MATERIAL PROVIDED
• • • • • • •

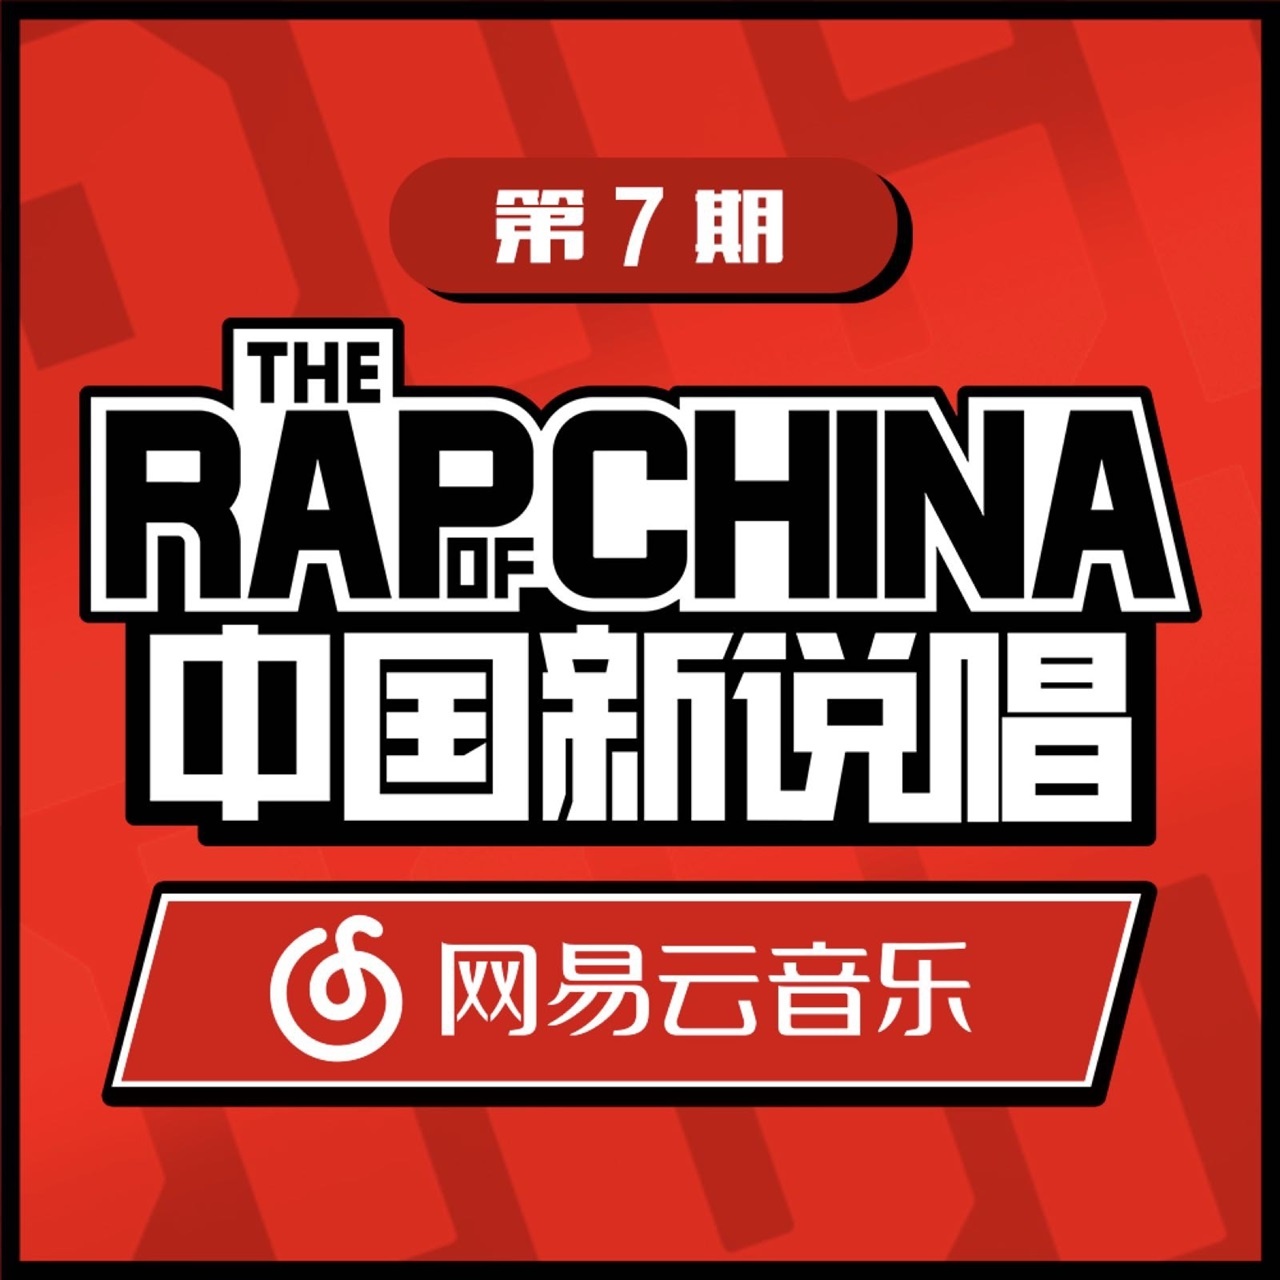 zhong guo xin shuo chang EP07 RAP07 Live
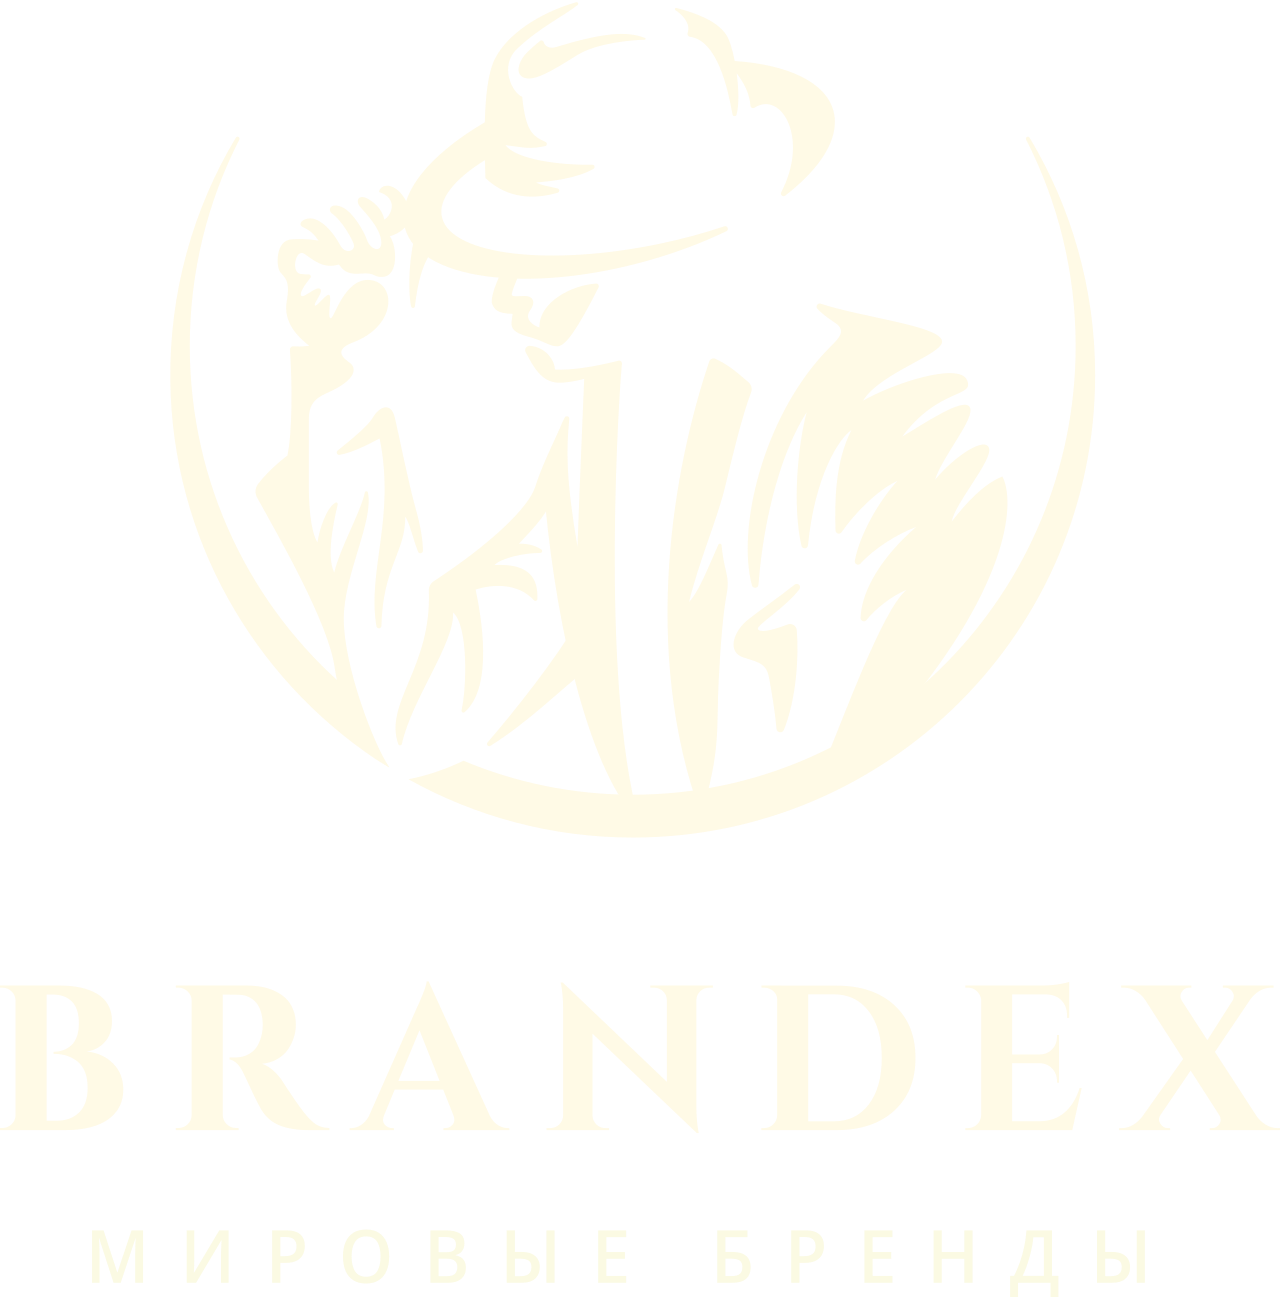 Brandex's logo
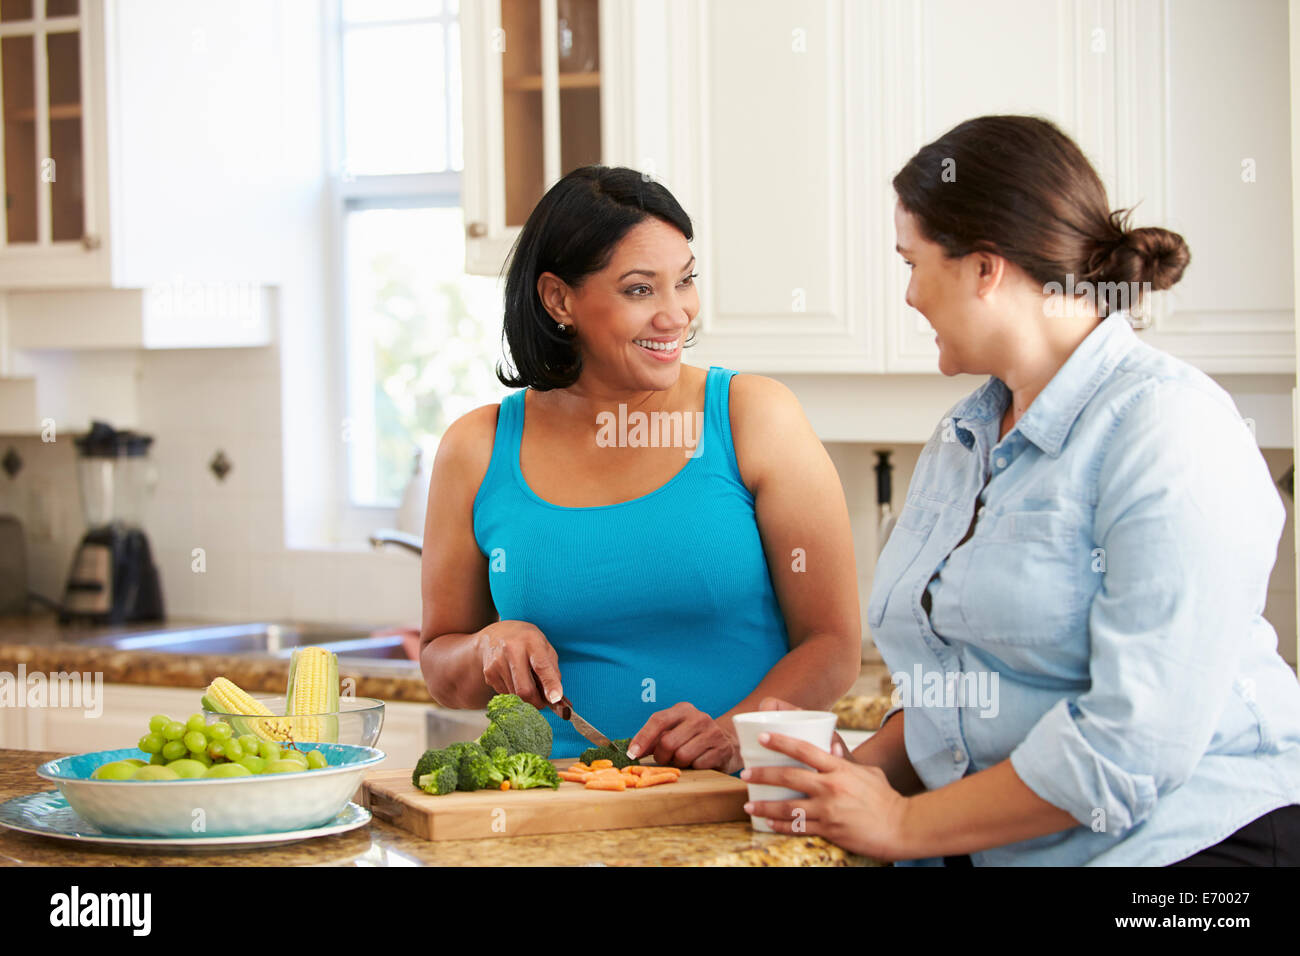 Deux femmes en surpoids sur l'alimentation La préparation de légumes dans la cuisine Banque D'Images
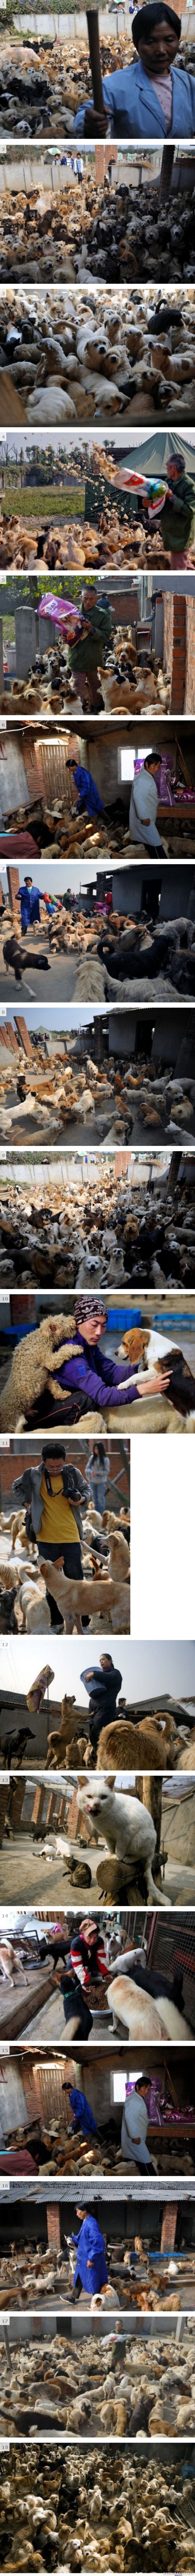 Kiinalainen naien adoptoinut 1500 koiraa ja 200 kissaa - :(

• • • • • • •

THE TASK
Give back the material above exactly, without pictures.

FINISHED EXERCISE
 zhong guo xin shuo chang EP07 RAP07 Live
 Brandex's logo
 Deux femmes en surpoids sur l'alimentation La préparation de légumes dans la cuisine Banque D'Images
 Kiinalainen naien adoptoinut 1500 koiraa ja 200 kissaa - :(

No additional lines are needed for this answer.